Species Time Integration#

Species Time Integration= {model_name} <species>

Description / Usage#

Sharp gradients are often a feature of convective-diffusive computations involving species. Traditional Galerkin time integration is not optimal under these circumstances. This optional card is used to change the species time integration scheme to be different from the global time integration. Each species equation can use a different time integration. The new time integration schemes are based upon a Taylor-Galerkin formulation which has better behavior when sharp fronts are present.

Following are the {model_name} options for species time integration, each of which requires only a species designation to which the model should be applied:

STANDARD

the input deck formulation, i.e., the global time integration scheme; this is the default.

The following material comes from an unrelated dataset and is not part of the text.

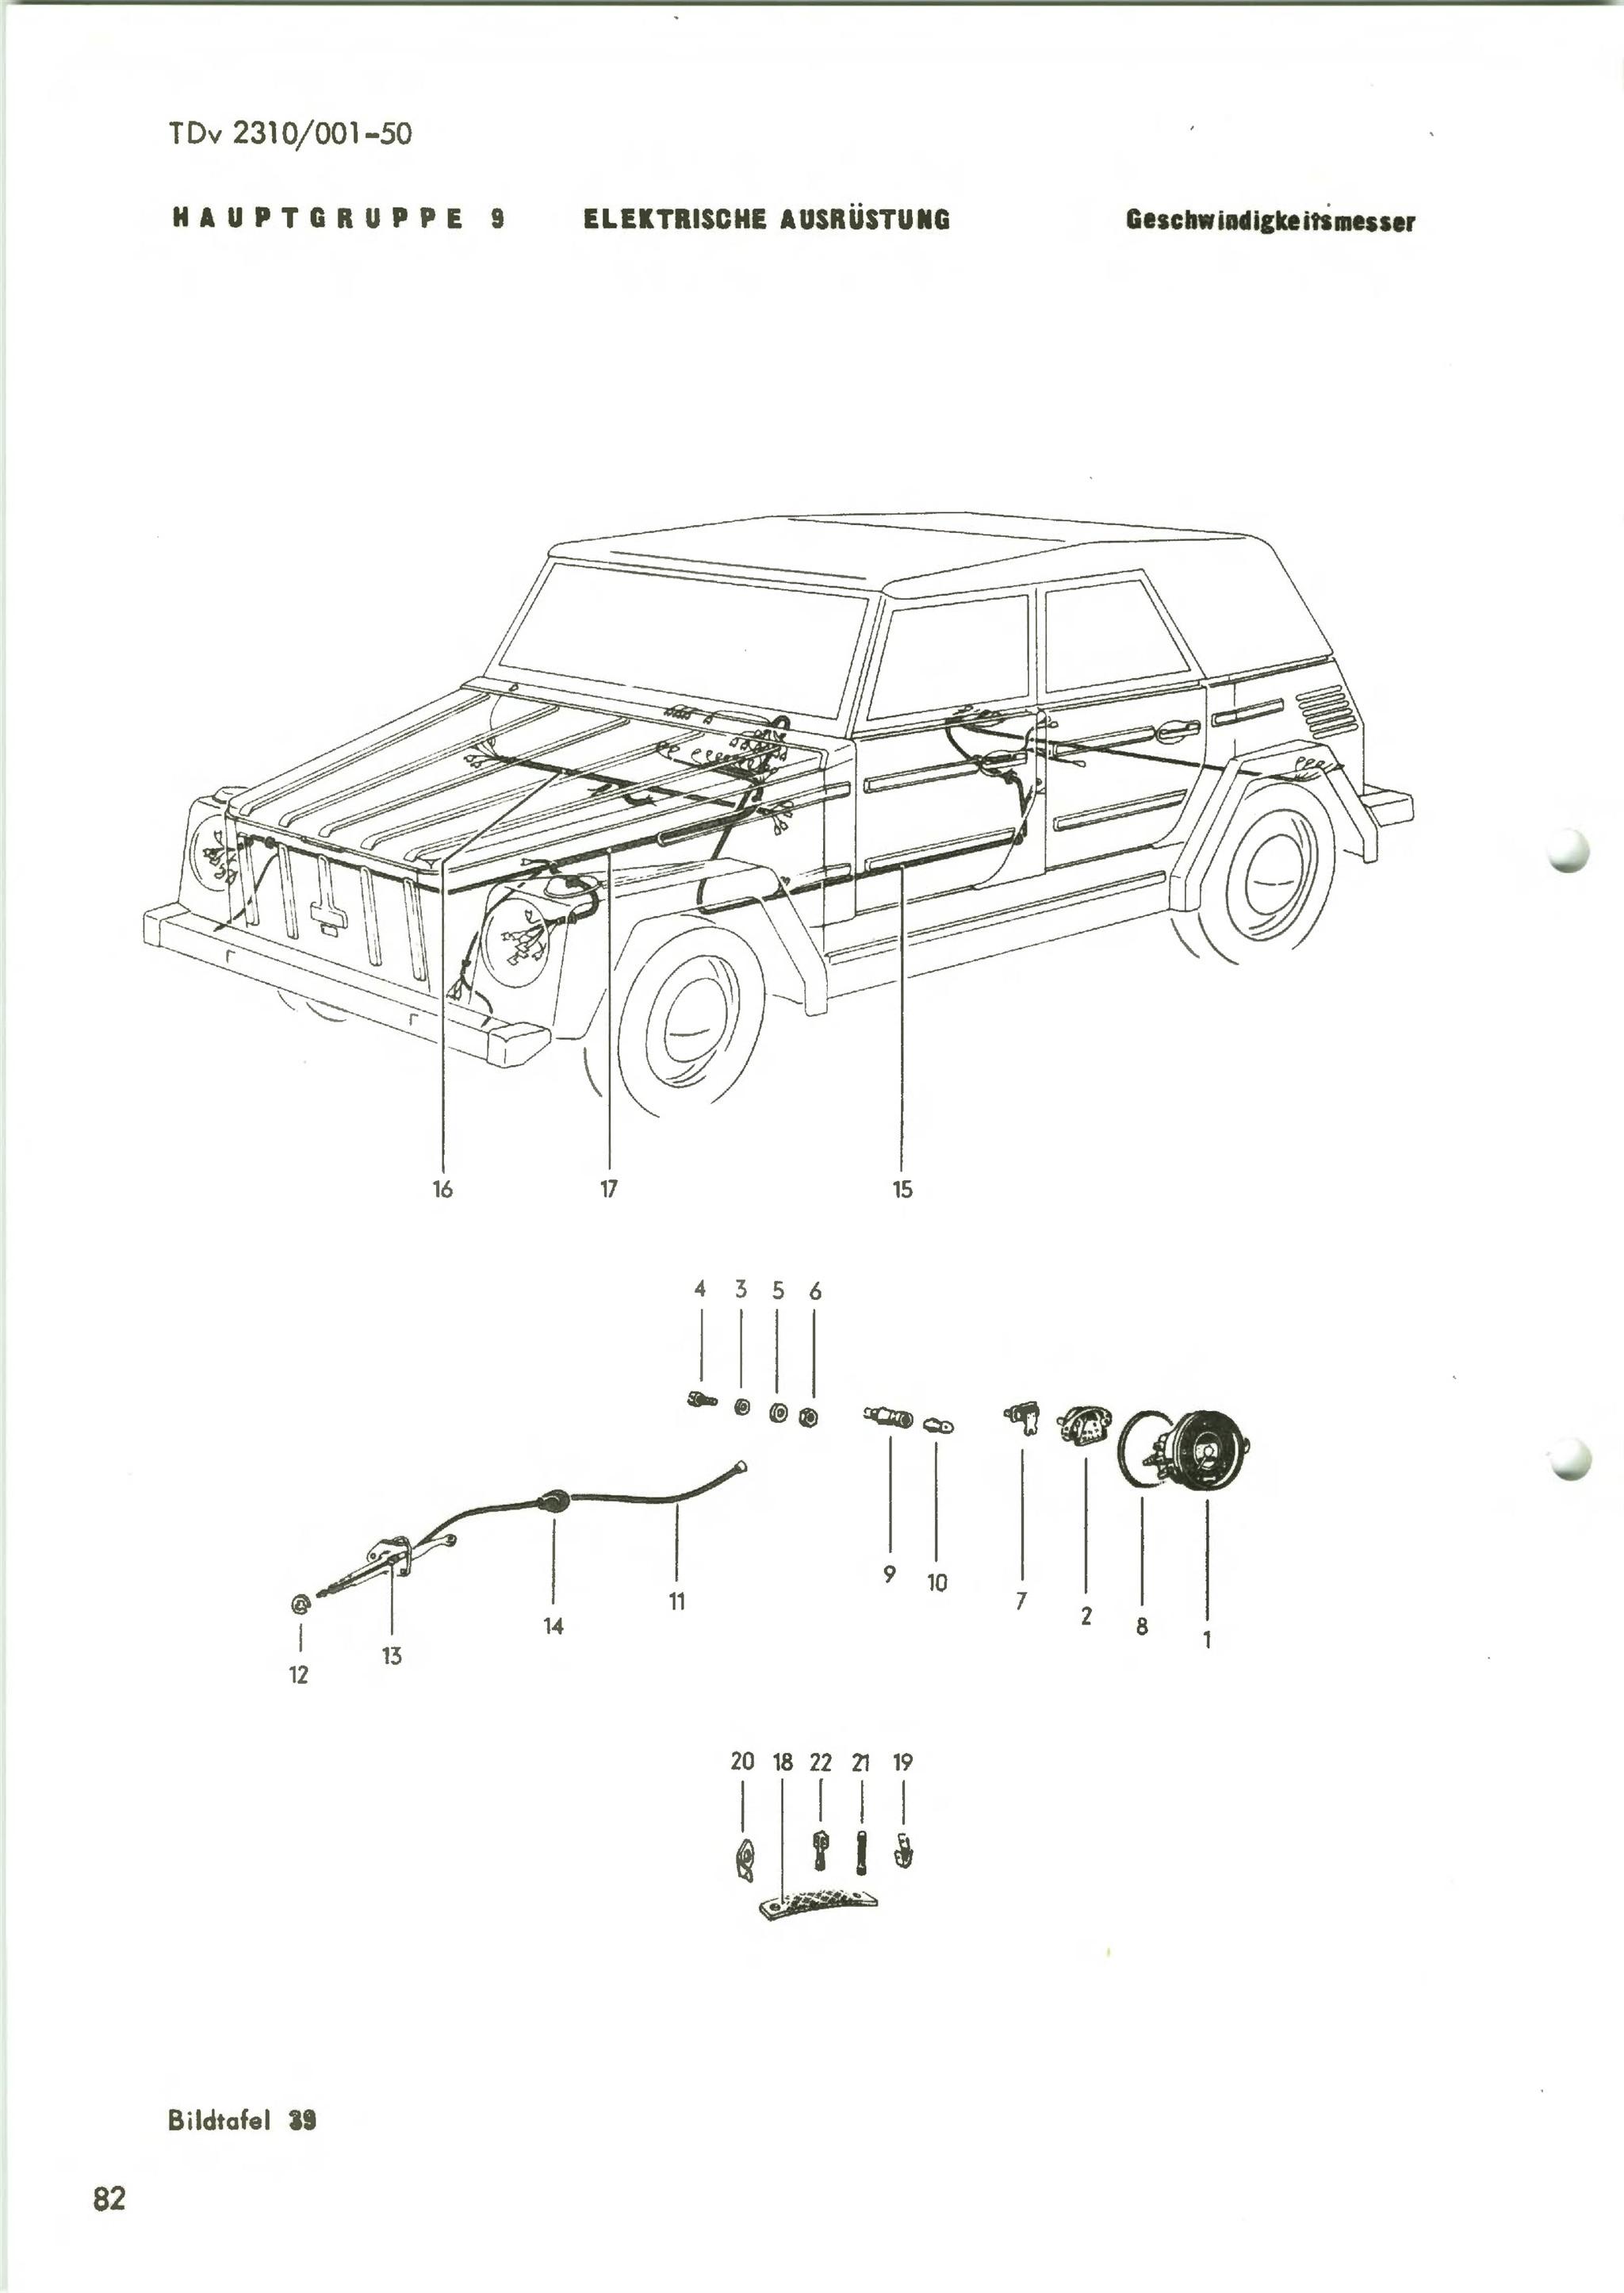 1991 vw cabriolet wiring diagram
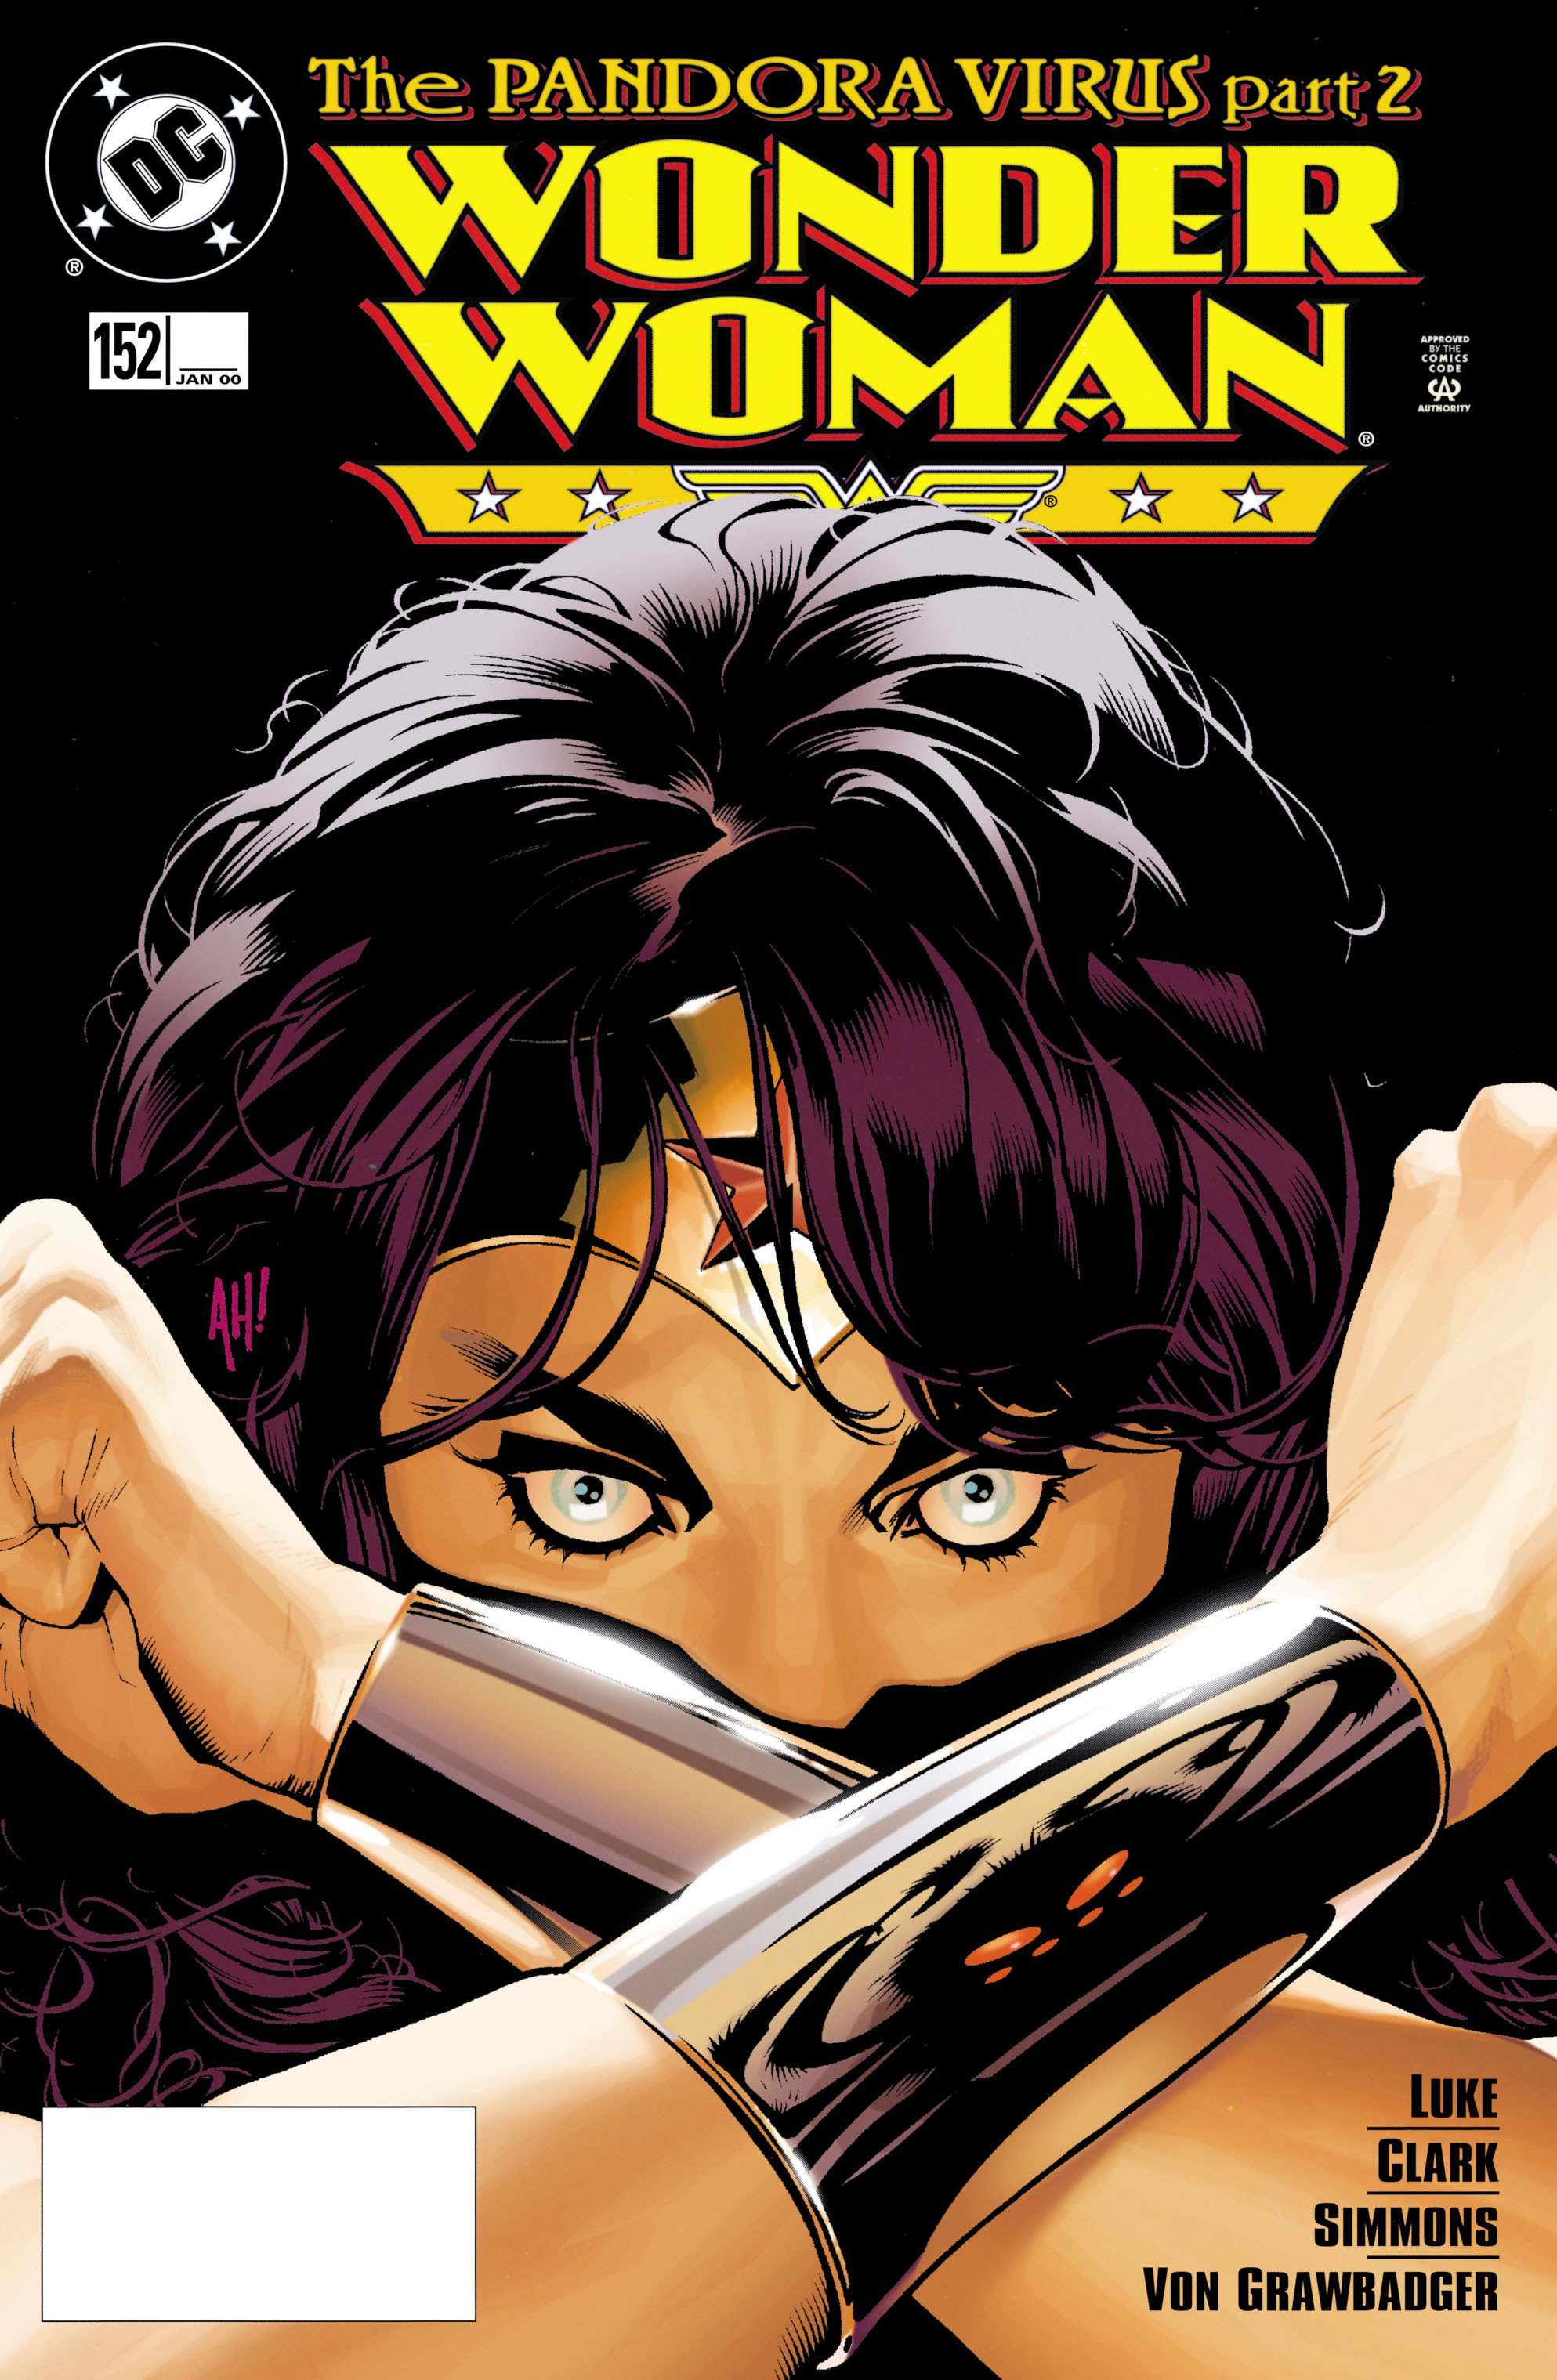 Read online Wonder Woman (1987) comic -  Issue #152 - 1

  • <species> - the index of the species equation.

TAYLOR_GALERKIN

an implicit or semi-implicit Taylor-Galerkin time integration scheme

  • <species> - the index of the species equation.

TAYLOR_GALERKIN_EXP

An explicit Taylor-Galerkin time integration scheme

  • <species> - the index of the species equation.

Examples#

The following sample input card invokes the explicit Taylor-Galerkin time integration of the species equation.

Species Time Integration = TAYLOR_GALERKIN_EXP 0

Technical Discussion#

The Taylor-Galerkin schemes are designed for advection dominated problems with sharp fronts where rigorous mass conservation is important.

  • TAYLOR_GALERKIN uses an implicit or semi-implicit form of the Taylor- Galerkin time integrals depending on what is chosen in the input deck.

  • TAYLOR_GALERKIN_EXP uses an explicit form of the equations and is favored for volume-of-fluid simulations where the diffusive character of the implicit solver creates mass balance errors. The drawback of explicit time integration methods is that the time step used is governed by the Courant limit and must be quite small for stability.

References#

No References.